> _ACTIVITY_: Transcription, pictures excluded: write out the data below exactly.

> _GIVEN DATA_:
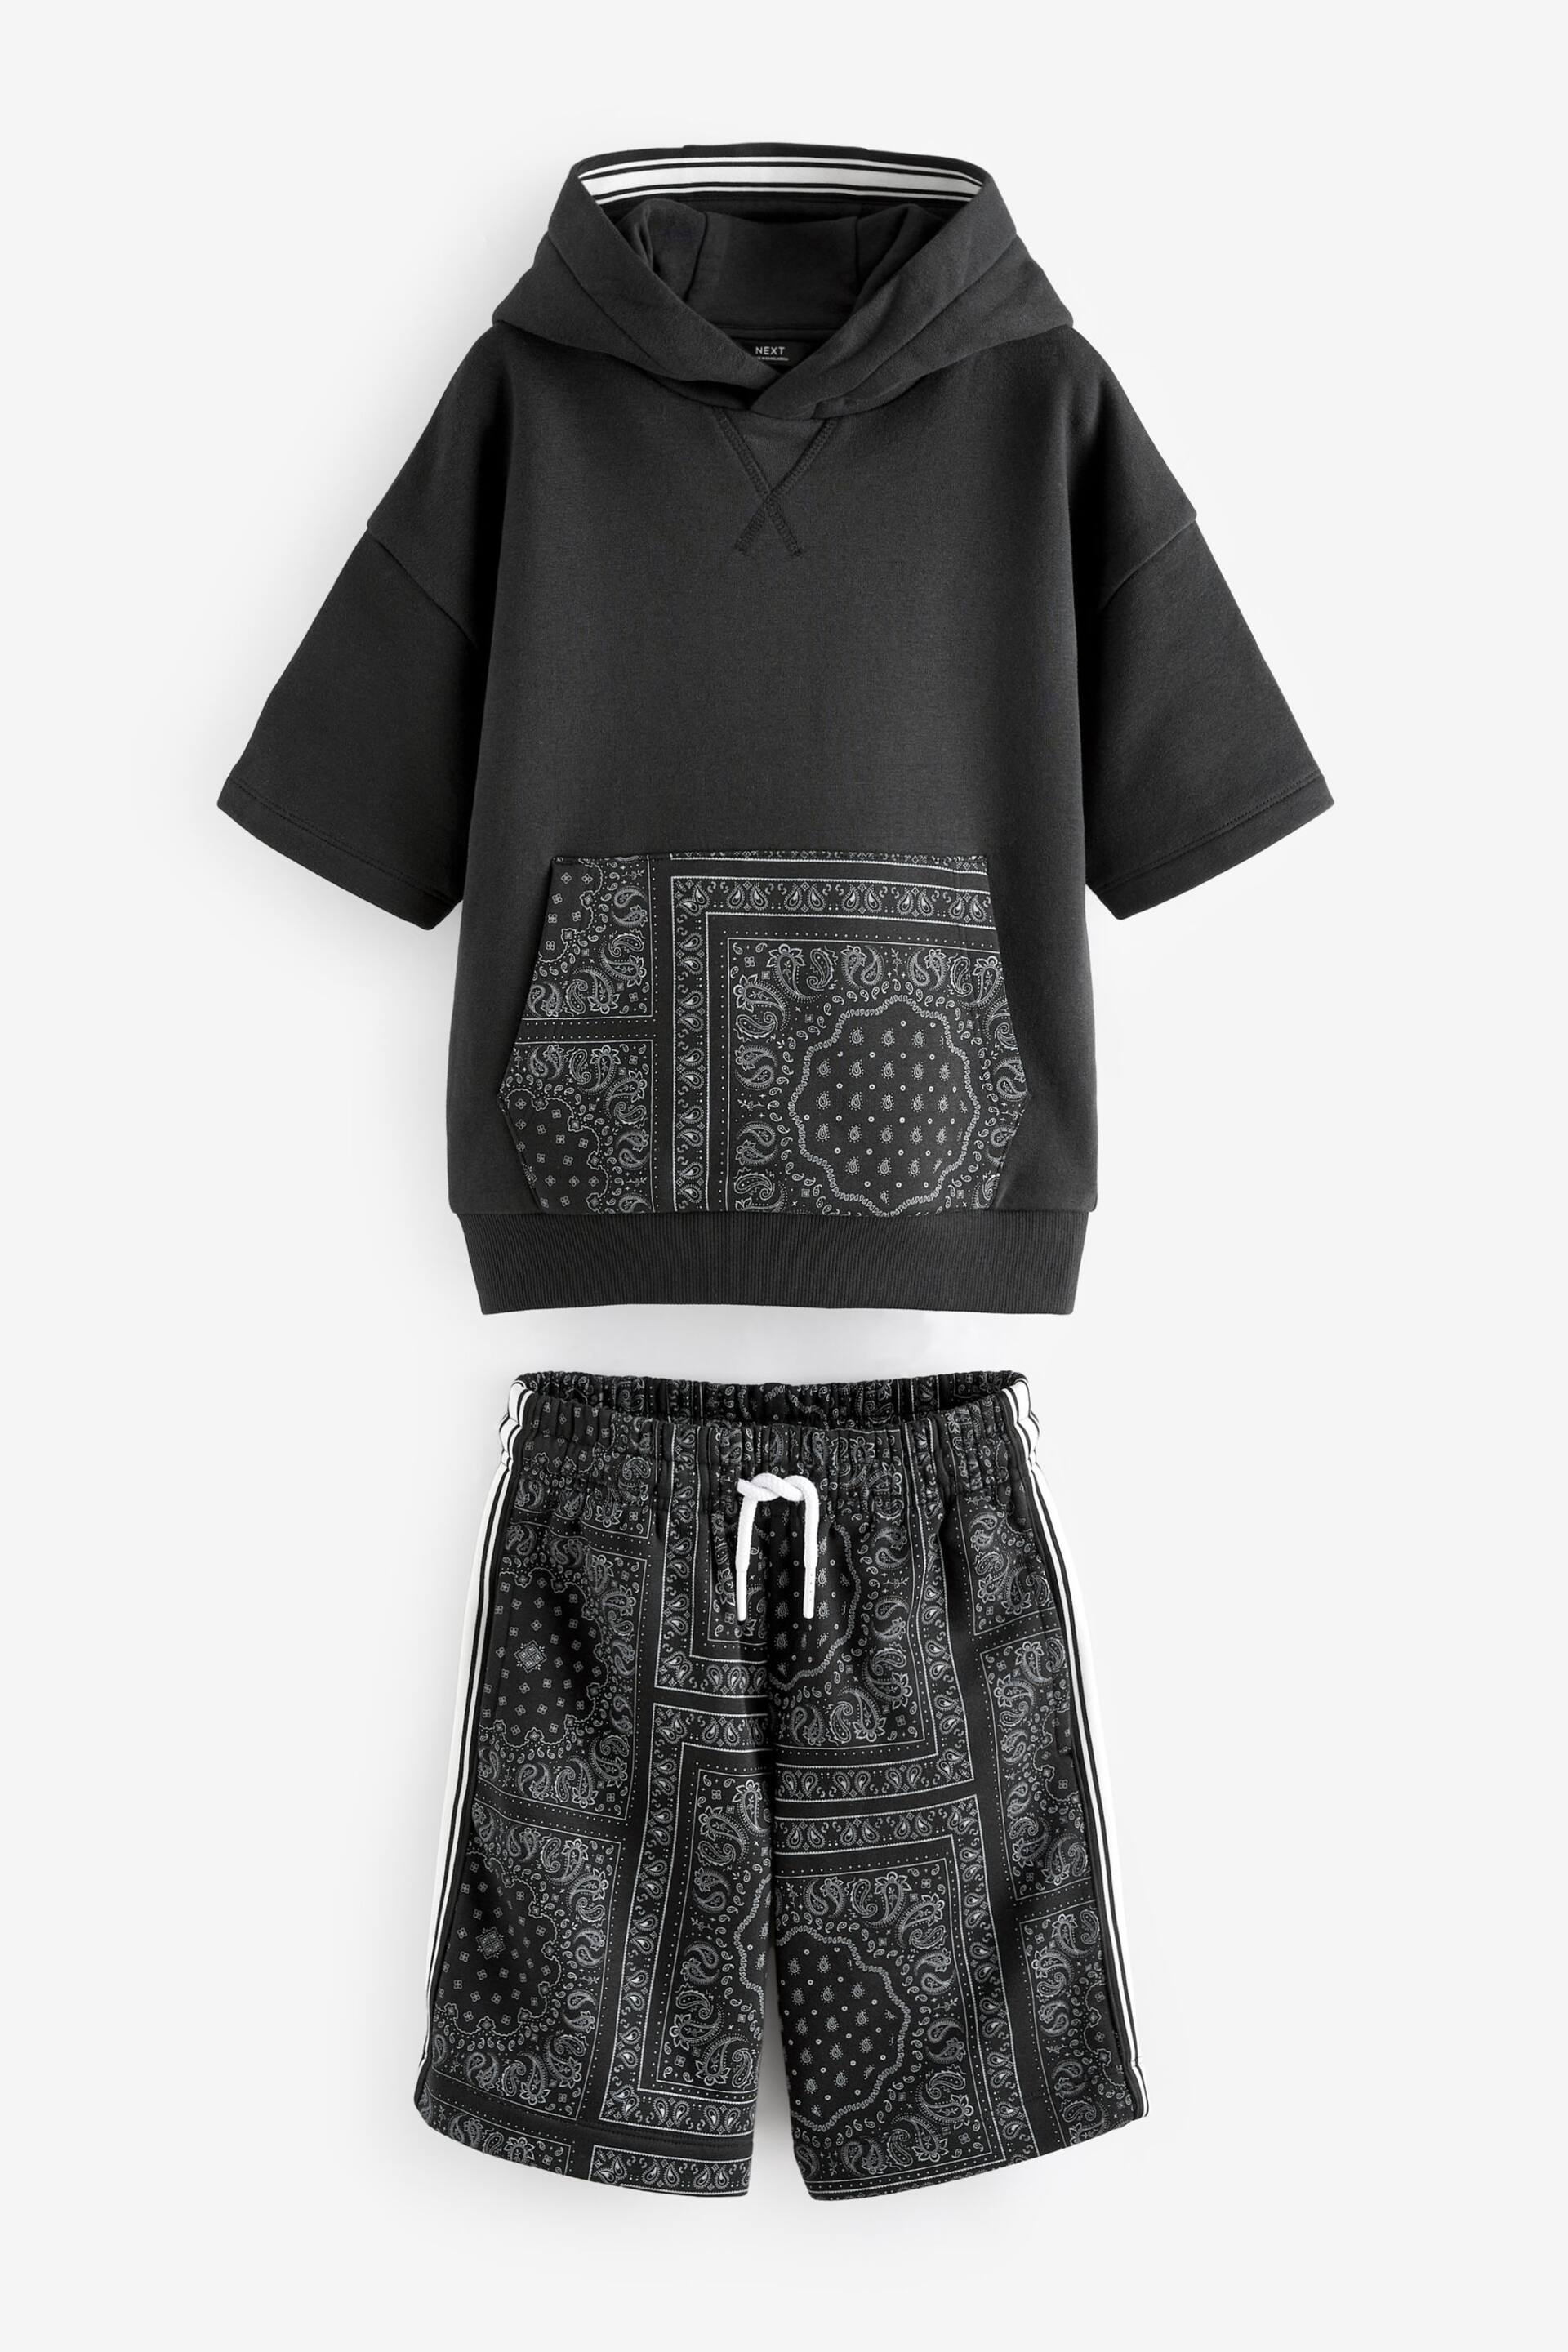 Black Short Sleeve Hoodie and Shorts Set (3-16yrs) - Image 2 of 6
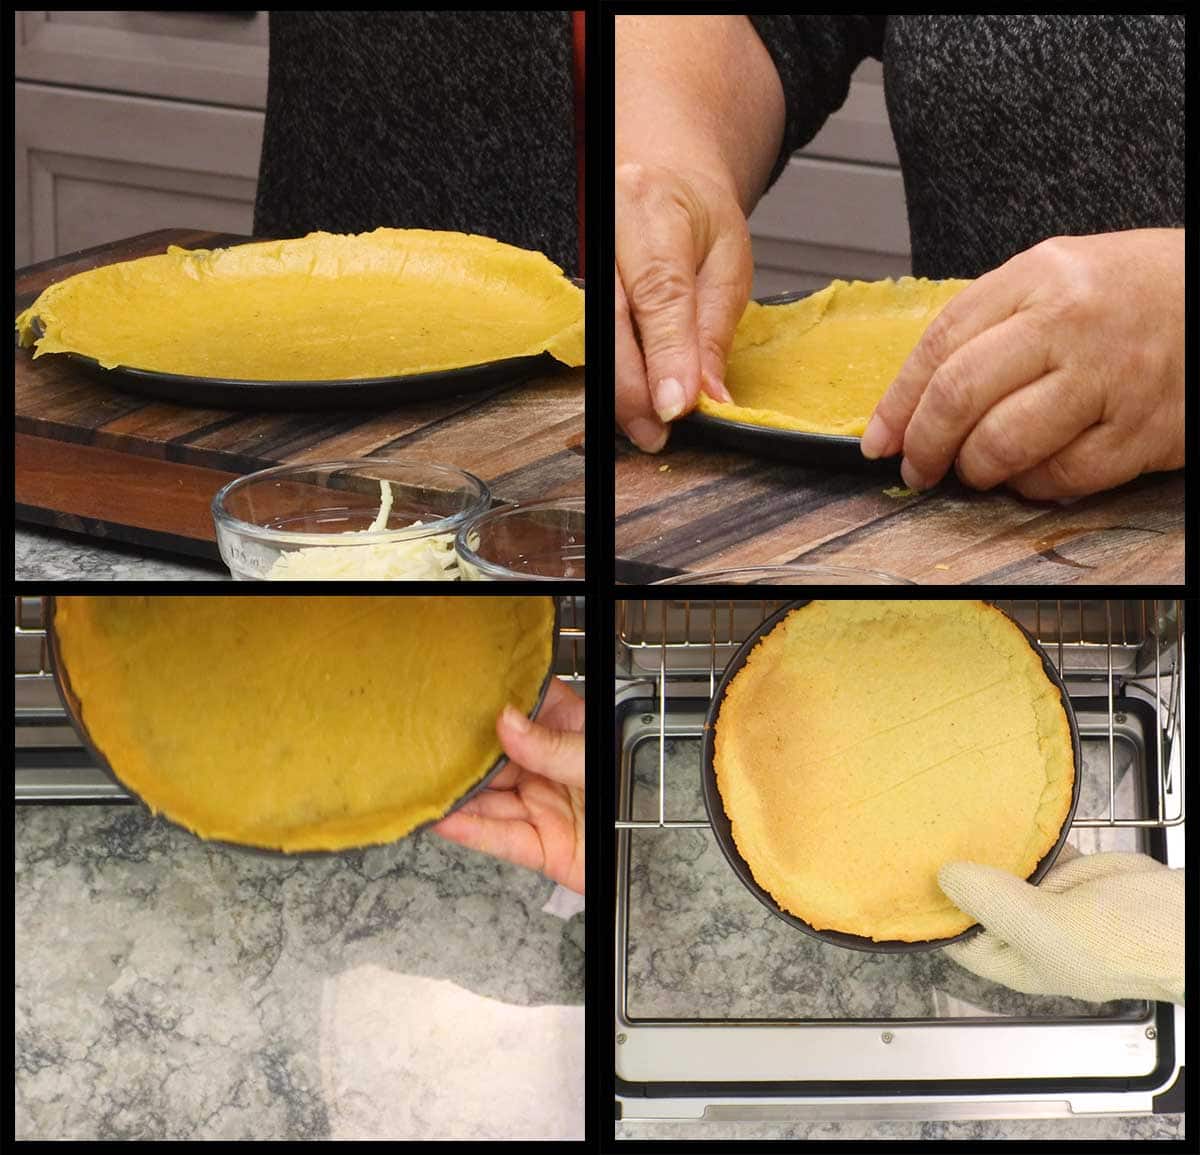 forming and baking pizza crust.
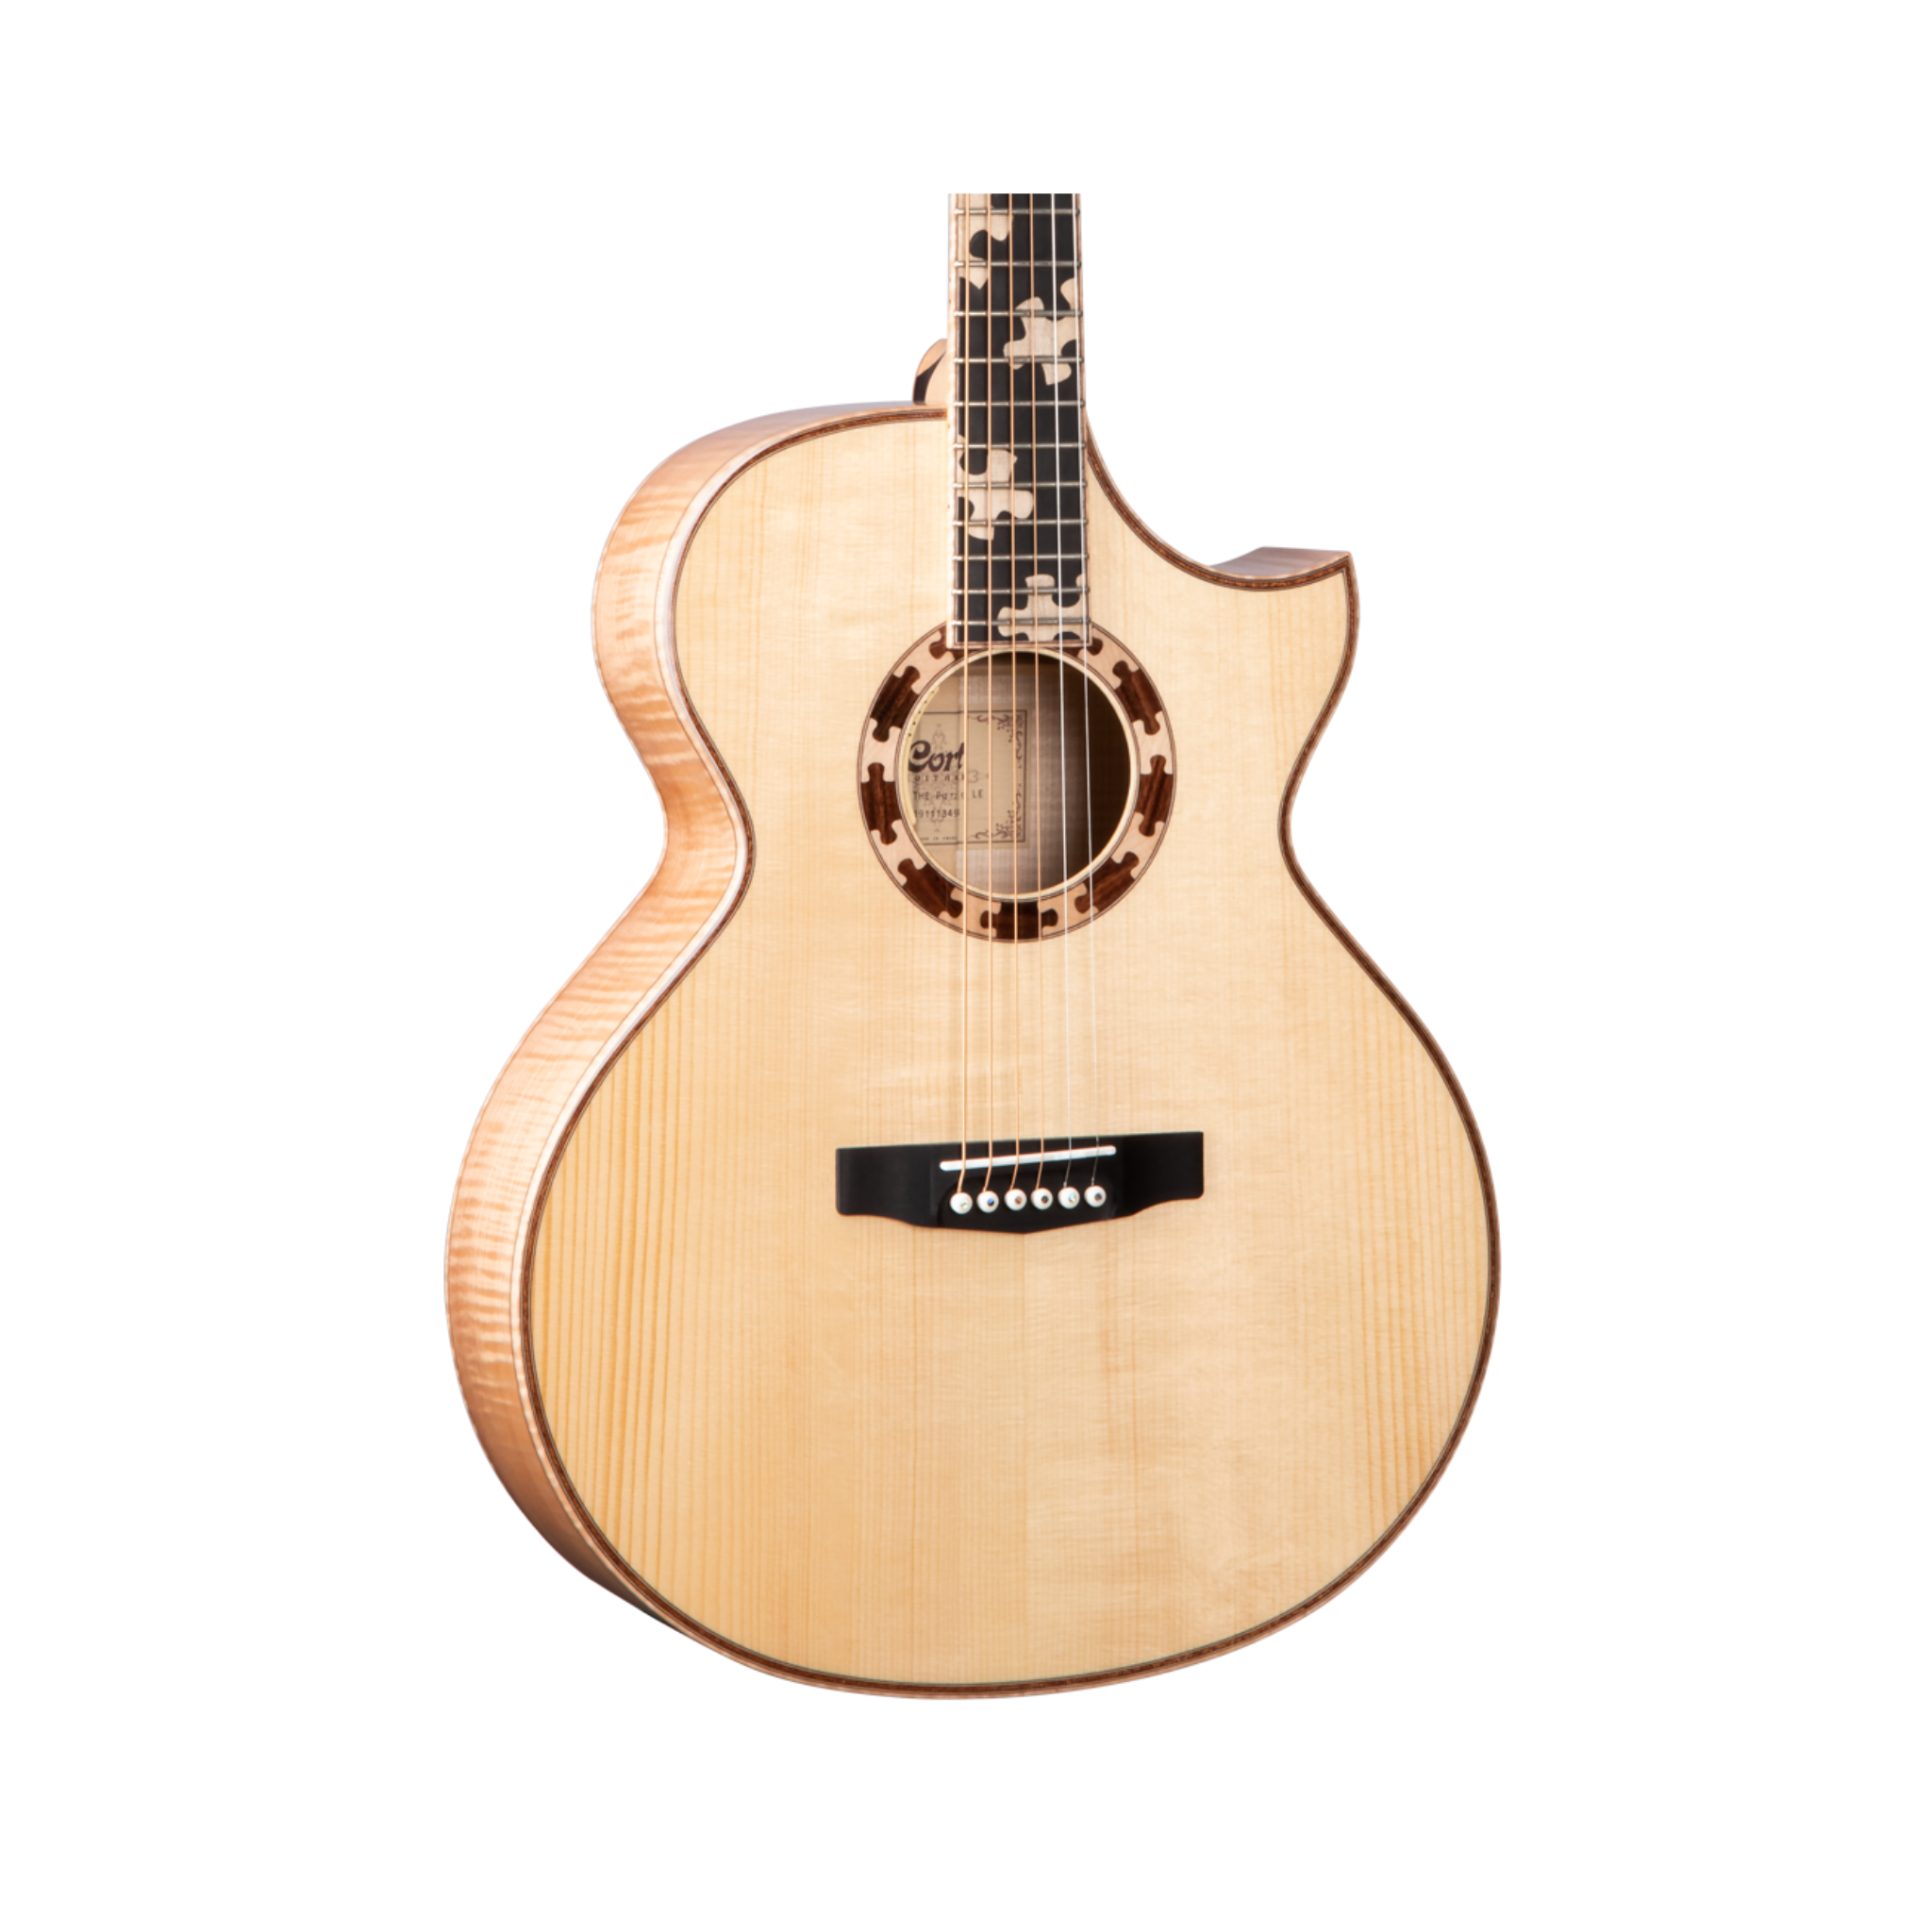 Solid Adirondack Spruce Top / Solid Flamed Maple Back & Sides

> _ANSWER TO THIS PROBLEM_:
 Black Short Sleeve Hoodie and Shorts Set (3-16yrs) - Image 2 of 6
 forming and baking pizza crust.
 Solid Adirondack Spruce Top / Solid Flamed Maple Back & Sides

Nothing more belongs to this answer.